Introduction Airway colonisation with Pseudomonas aeruginosa (PA) represents a hallmark of cystic fibrosis (CF). Mechanisms by which PA establishes pulmonary infection are undoubtedly complex and, in part, will reflect the capacity to interfere with host defense mechanisms. Dendritic cells (DCs) represent the most potent antigen-presenting cells in the lungs, with the unique ability to prime naïve T cells. PA-induced apoptosis has been demonstrated in epithelial cells and macrophages. We examined the capacity of PA to induce cell death in human dendritic cells, the cytotoxicity of clinical PA isolates, and the impact on antigen-presenting capacity.
Methods CD14+ monocytes were isolated from peripheral blood of healthy controls (n=11) and individuals with CF (n=5). Monocyte-derived DCs were generated by culture in the presence of IL-4 and GM-CSF. DCs were infected with live PA including isogenic laboratory strains of PA103 and PA isolates derived from the sputum of patients with CF. Heat-inactivated PA were utilised to evaluate the role of bacterial membrane components. Presence of early apoptosis and established cell death was analysed via annexin-V and 7-AAD incorporation, respectively. Cytotoxicity was further demonstrated via LDH release into the supernatant. Co-stimulatory molecules, CD40 and CD86, were measured via flow cytometry.

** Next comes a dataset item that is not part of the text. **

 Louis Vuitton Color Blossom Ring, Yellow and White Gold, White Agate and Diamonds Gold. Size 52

Results PA readily induced apoptosis and cell death in human DCs, with cytotoxicity seen within 3 h of infection. Induction of apoptosis by PA was an active process requiring live organisms, but was not dependent on a functional type III secretion system. A significant decrease in viable DCs was seen in response to infection with clinical PA strains at 3 h and 20 h compared with laboratory PA103 strains (p<0.05 and p<0.001, respectively). Due to increased cytotoxicity of clinical PA isolates, post-infection DCs demonstrated no increase in co-stimulatory molecule expression compared with uninfected DCs (p>0.05).

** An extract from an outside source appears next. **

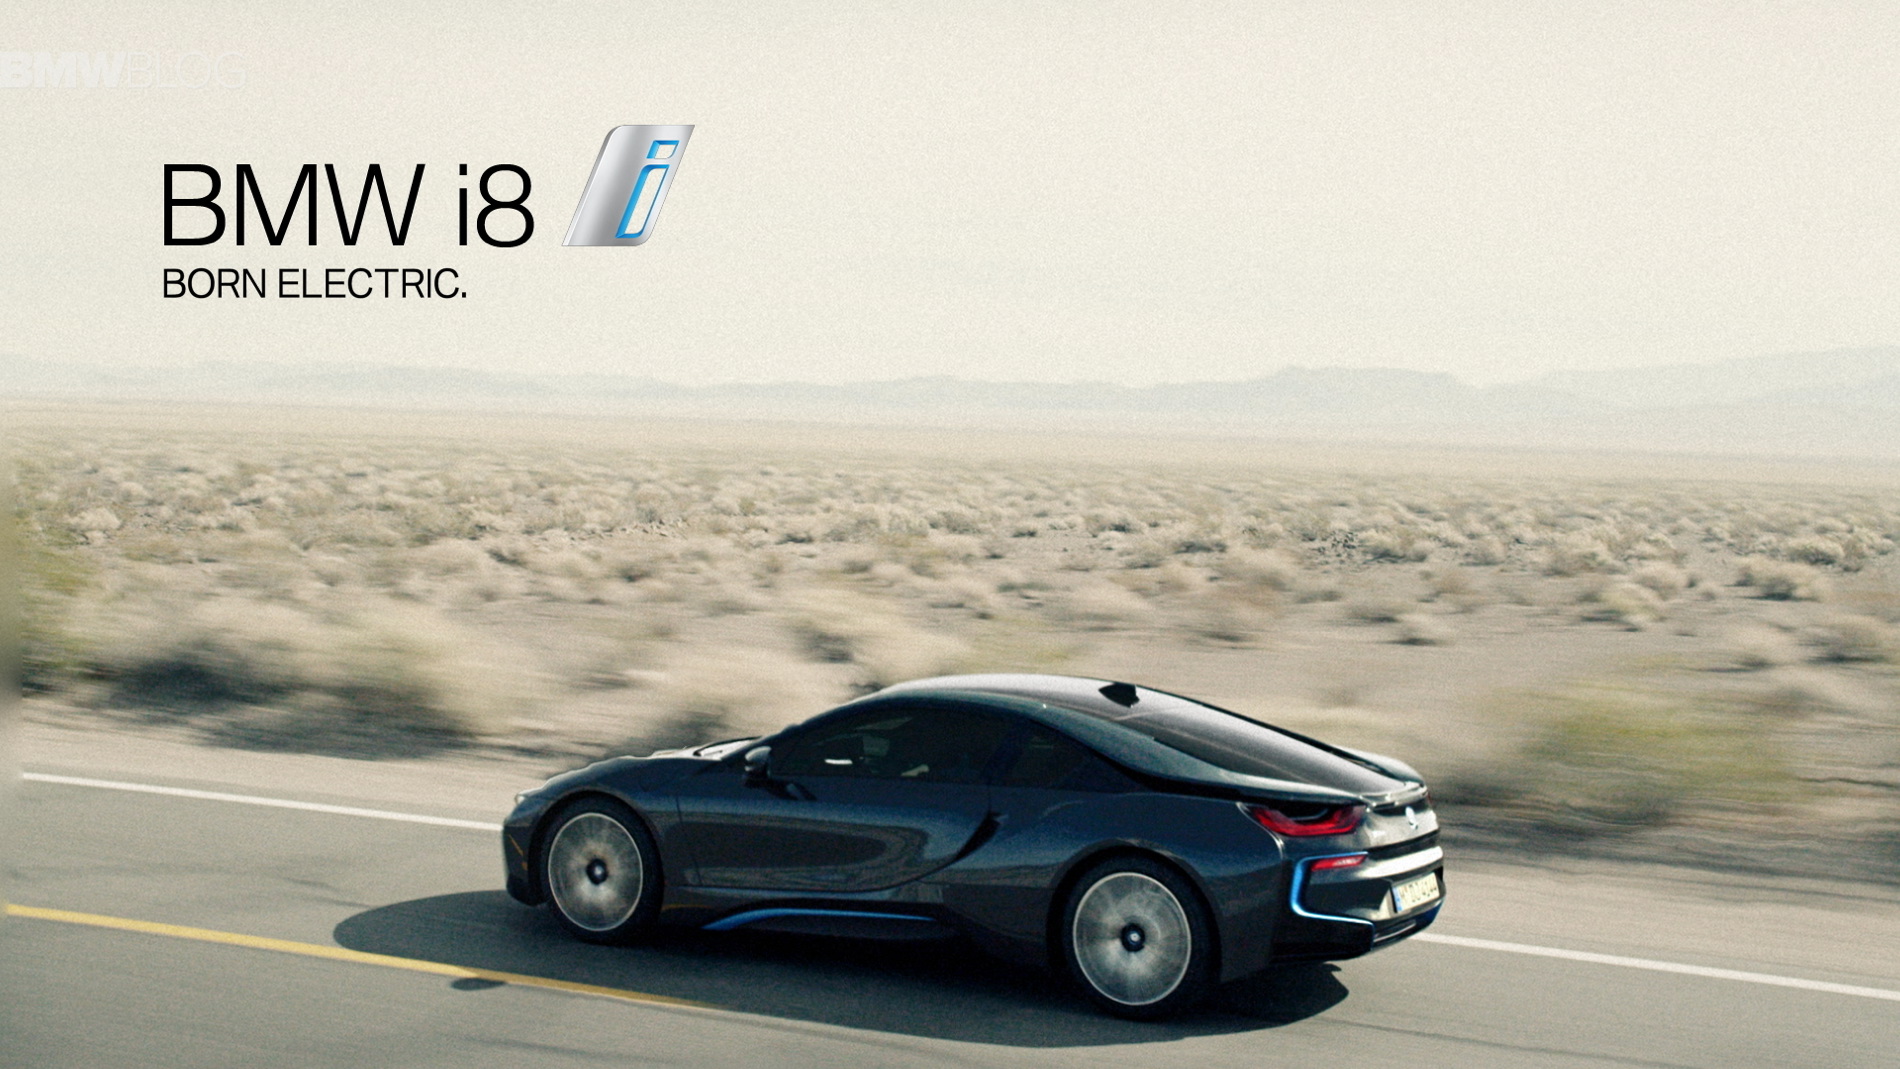 Global launch campaign for BMW i8 10

Conclusions These data demonstrate that human dendritic cells are susceptible to apoptosis induced by P aeruginosa, with clinical isolates of PA demonstrating high levels of cytotoxicity, and a subsequent reduction in DC antigen-presenting capacity. Elimination of these important antigen-presenting cells could lead to impairment of immune responses and thus a factor in the establishment of chronic PA colonisation in the CF lung.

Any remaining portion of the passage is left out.